El laureado poeta cumanés Andrés Eloy Blanco dijo una vez: «Hemos echado al mar los grillos de los pies. Ahora vayamos a las escuelas a quitarle a nuestro pueblo los grillos de la cabeza, porque la ignorancia es el camino de la tiranía». Esa aleccionadora frase la pronunció en un discurso el 14 de febrero de 1936, en un acto simbólico en el castillo de Puerto Cabello frente al Presidente Eleazar López Contreras, a propósito de la liberación de los presos políticos después de la muerte del dictador Gómez.

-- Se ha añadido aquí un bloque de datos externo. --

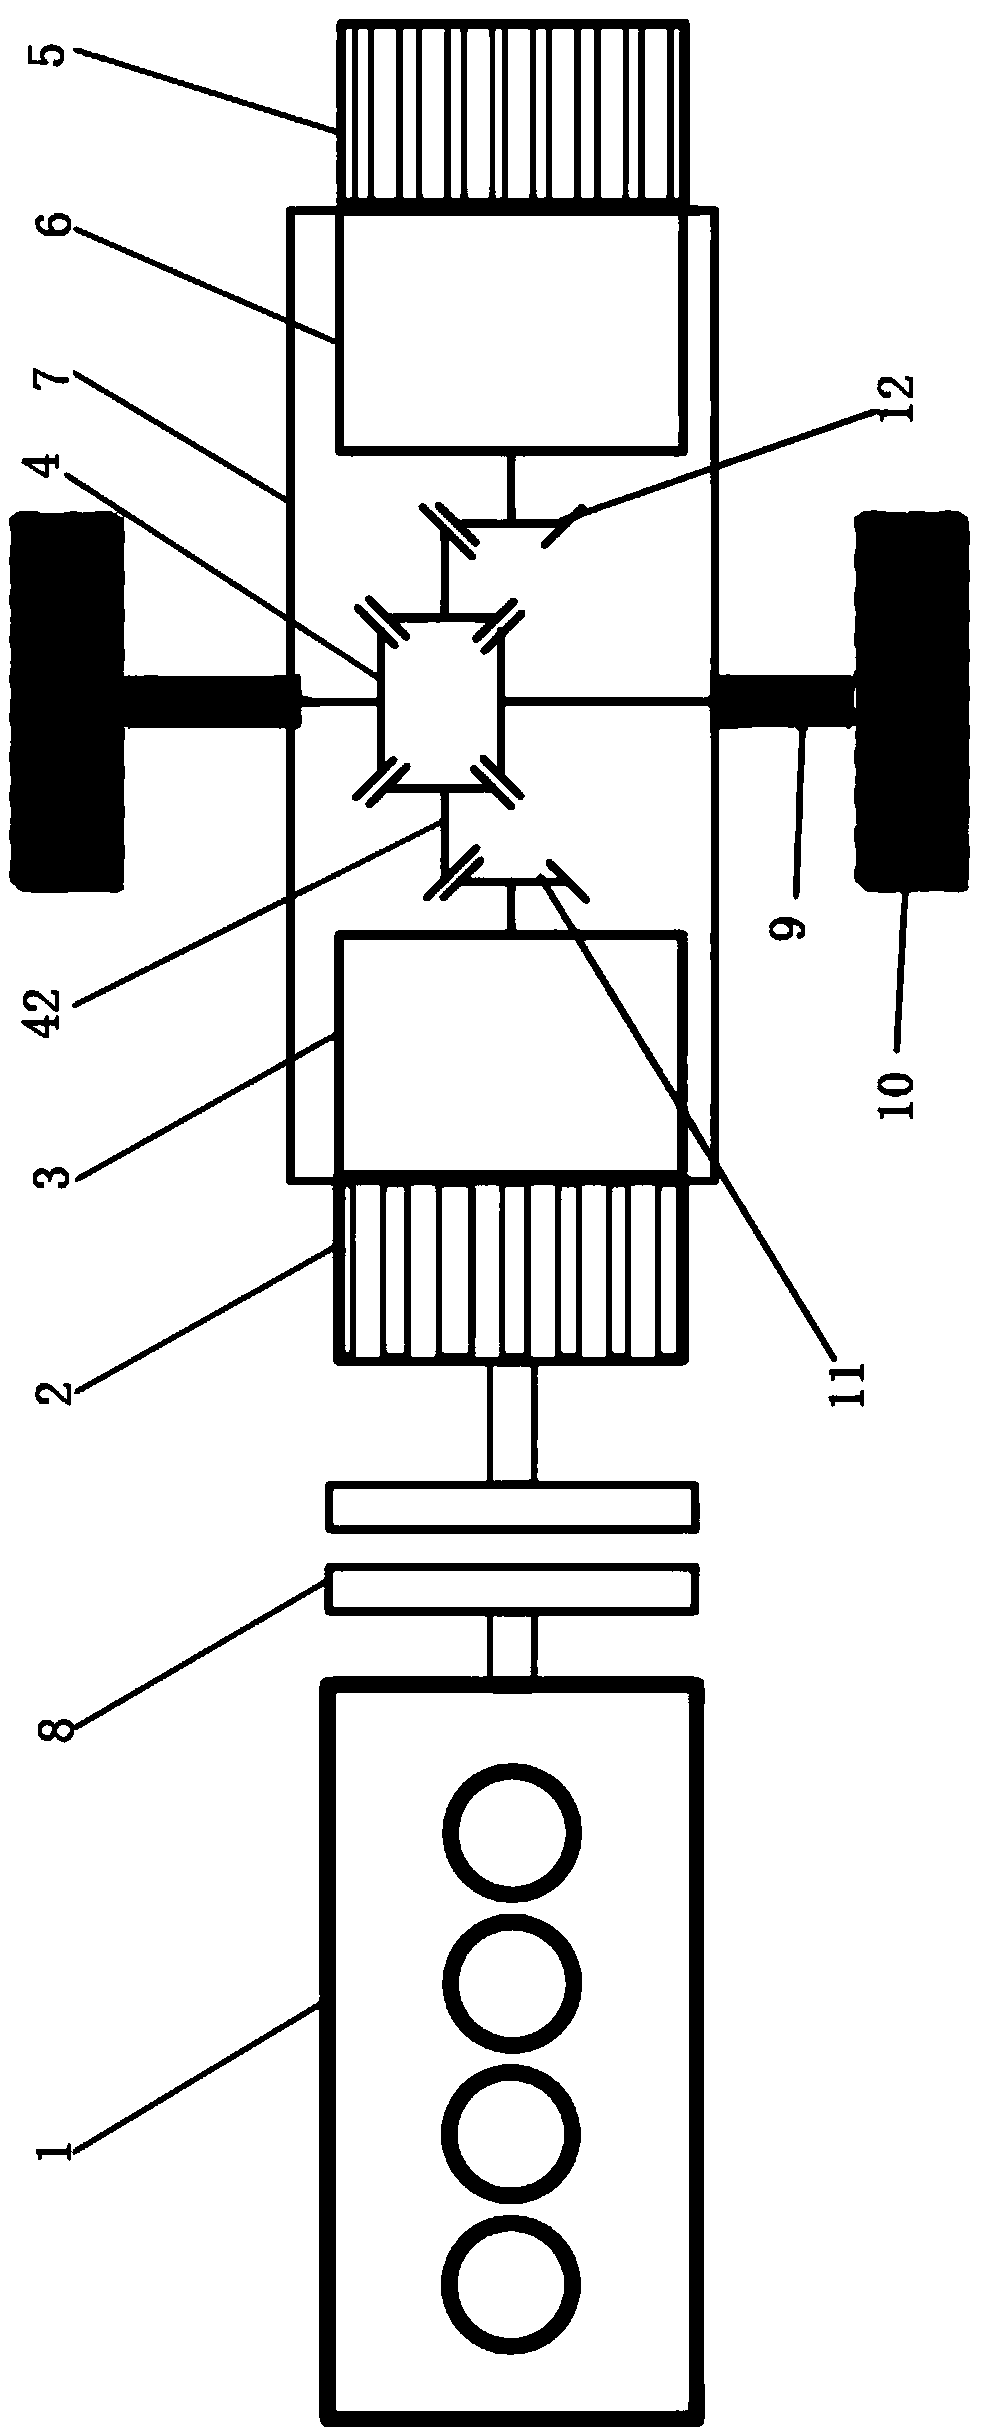 Hybrid power coupled axle based on two gearboxes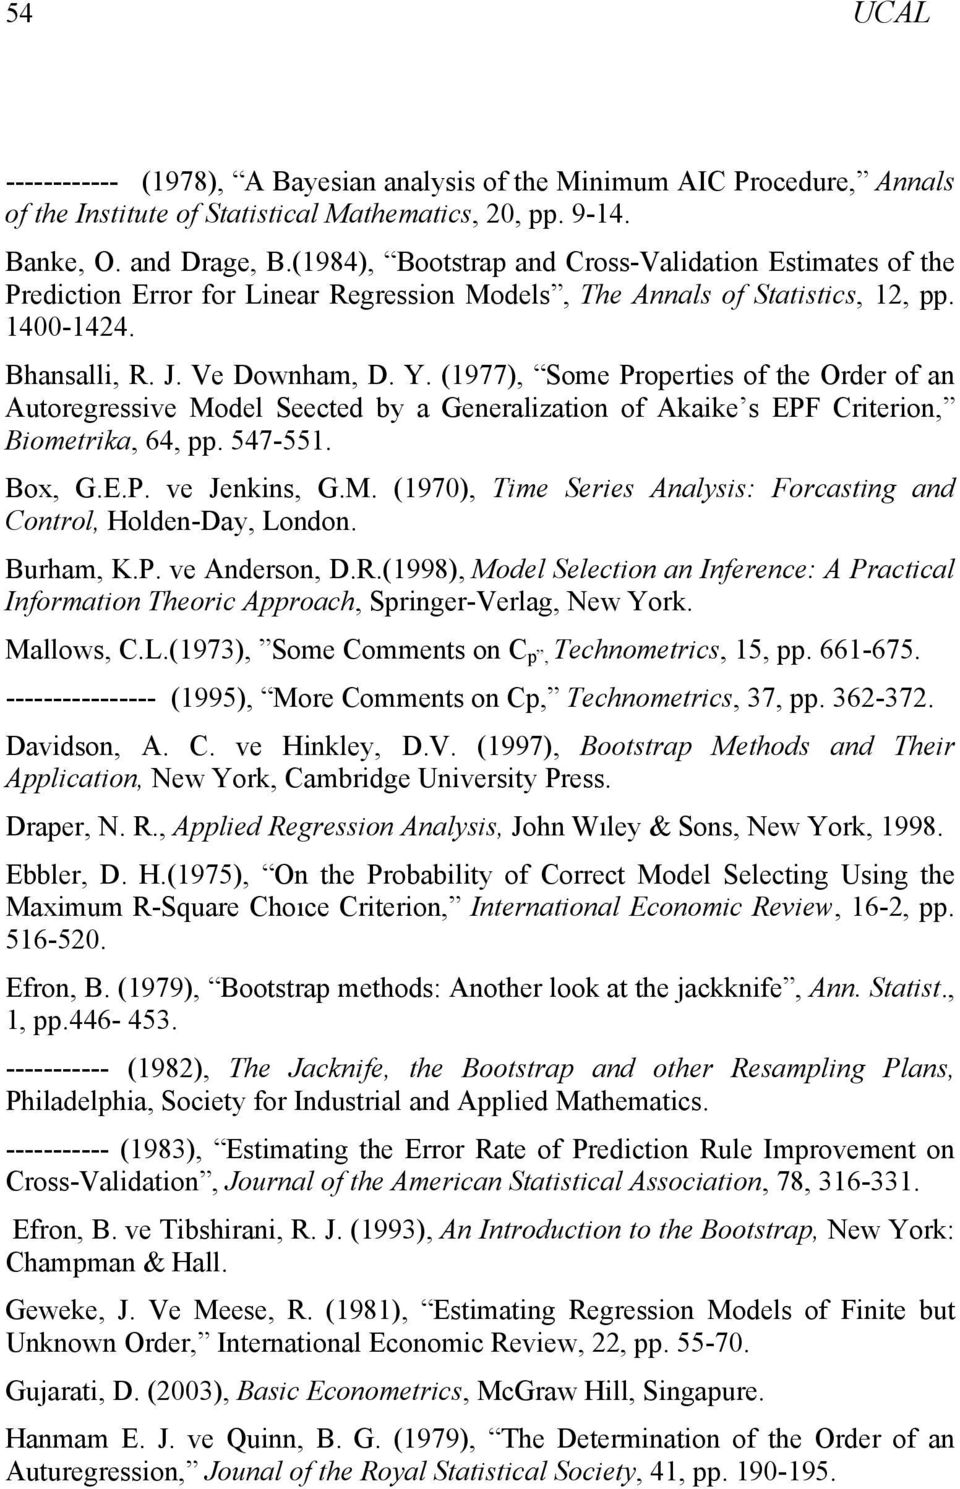 (1977), Some Properties of the Order of a Autoregressive Model Seected by a Geeralizatio of Akaike s EPF Criterio, Biometrika, 64, pp. 547-551. Box, G.E.P. ve Jekis, G.M. (1970), Time Series Aalysis: Forcastig ad Cotrol, Holde-Day, Lodo.

De manera que hoy esa lápidaria frase cumple 90 años. A pesar de que muchos las han pasado por debajo de la mesa, consideramos oportuno desentrañar su alcance para que siga vigente en el ideario colectivo. Es un enorme reto ante las circunstancias actuales que vive nuestra alicaída nación. Es un compromiso ciudadano de irradia luz para vencer la sombra de la ignorancia y avanzar por los senderos de convivencia social, libertades públicas y prosperidad económica, considerados principios rectores de toda sociedad democrática.
Cuando el bardo cumanés insta a ir a las escuelas para quitar los grillos de la cabeza al pueblo está lanzando un poderoso mensaje de liberar al pueblo venezolano de la ignorancia a la que ha estado sometido, así como del prejuicio, servilismo y supersticiones. Es una titánica tarea tras superar la dictadura cruel de los grillos en los pies que encadenaron por largos años a muchos venezolanos que se opusieron a la dictadura gomecista.
Para el poeta de nada sirve quitar las cadenas de hierro si el pueblo sigue atado mentalmente del atraso, el sectarismo y la manipulación. La escuela, como faro de luz en la sociedad, tiene la enorme responsabilidad de formar en valores ciudadanos a la población. Debe hacerlo sin dilaciones a través de docentes probos y con un pensamiento crítico para liberar al pueblo de los demagogos y sátrapas de oficio. La frase de Andrés Eloy tiene gran vigencia al cumplirse 9 décadas de haberse pronunciado.